What is needed: Please copy exactly the part of the records below that opens with the line containing "Endo International" and closes with the line containing "logo large for", leaving out any pictures.
══ Data to use ══
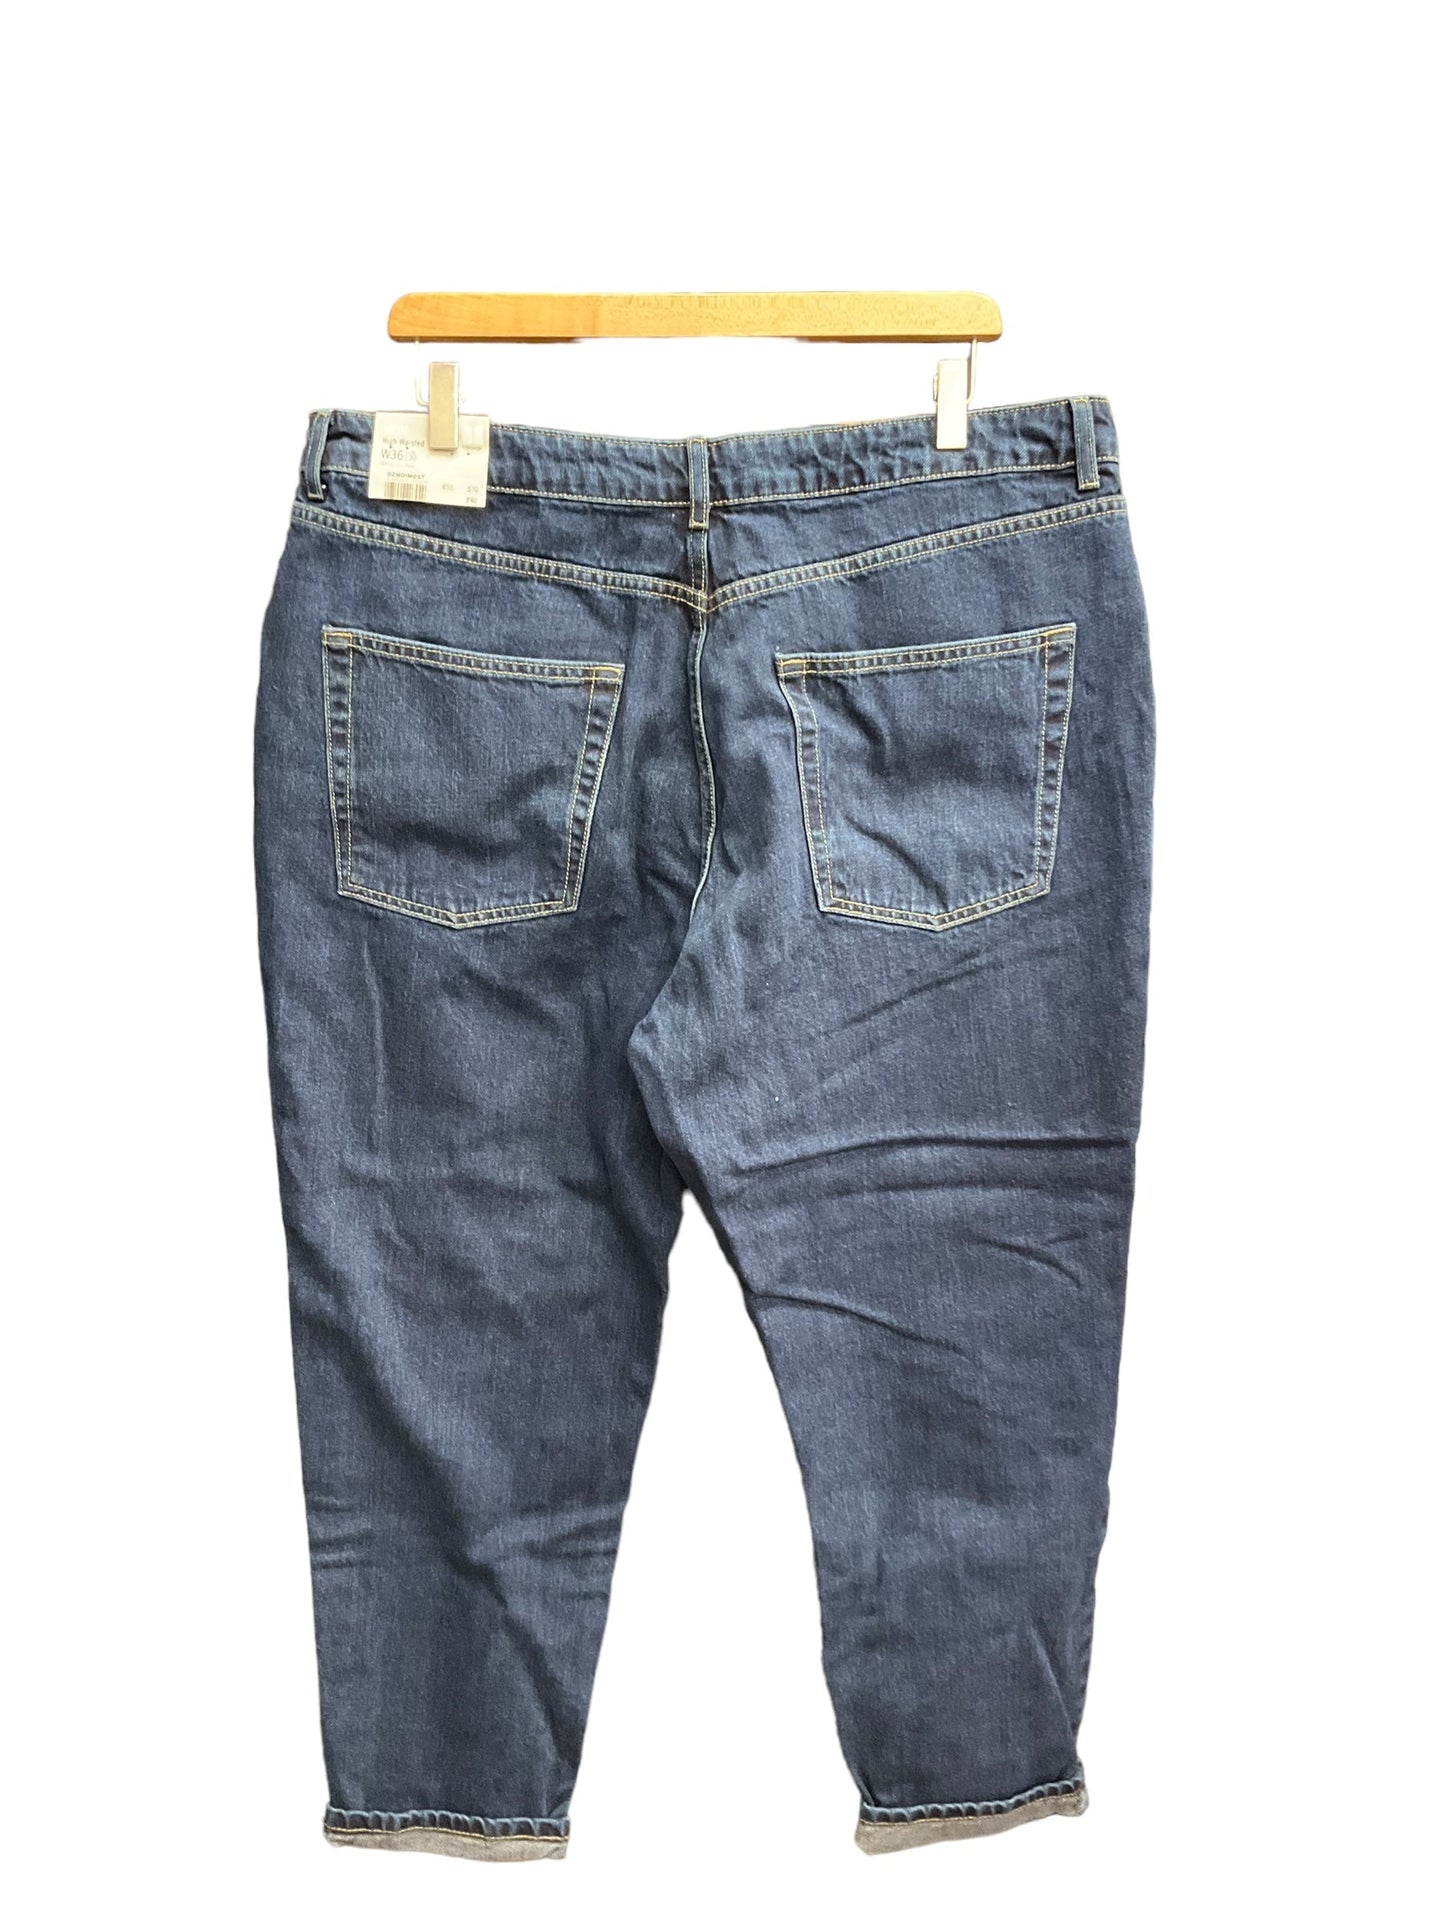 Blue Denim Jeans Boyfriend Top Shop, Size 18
═══
══ Data to use ══
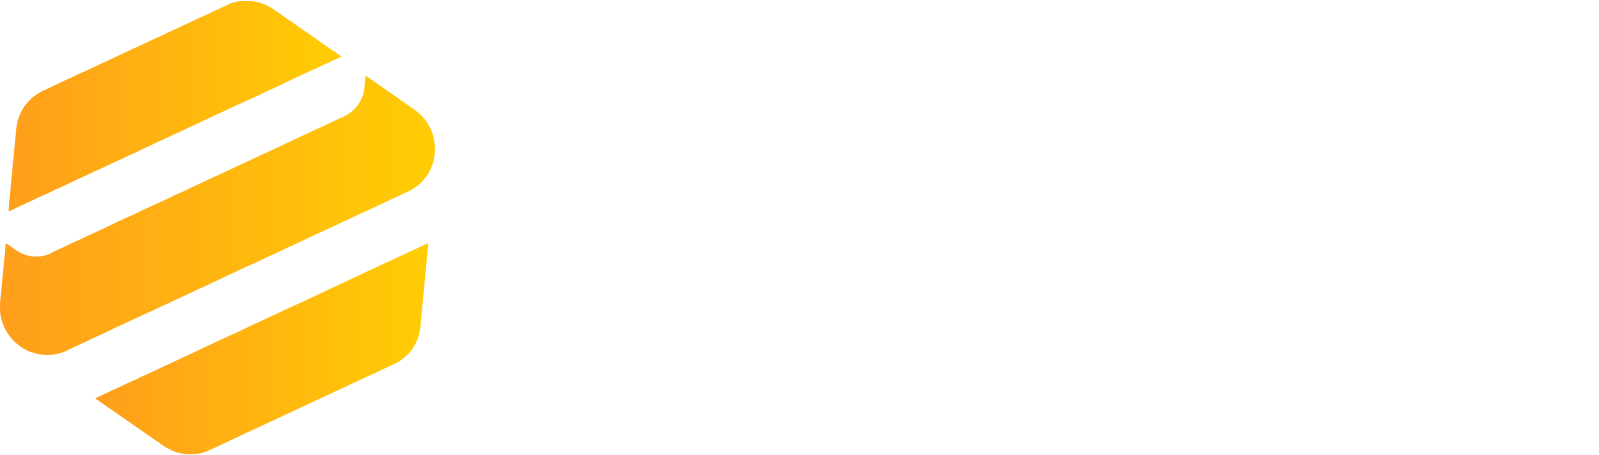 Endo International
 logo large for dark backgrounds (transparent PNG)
═══
Task answer:
 Endo International
 logo large for dark backgrounds (transparent PNG)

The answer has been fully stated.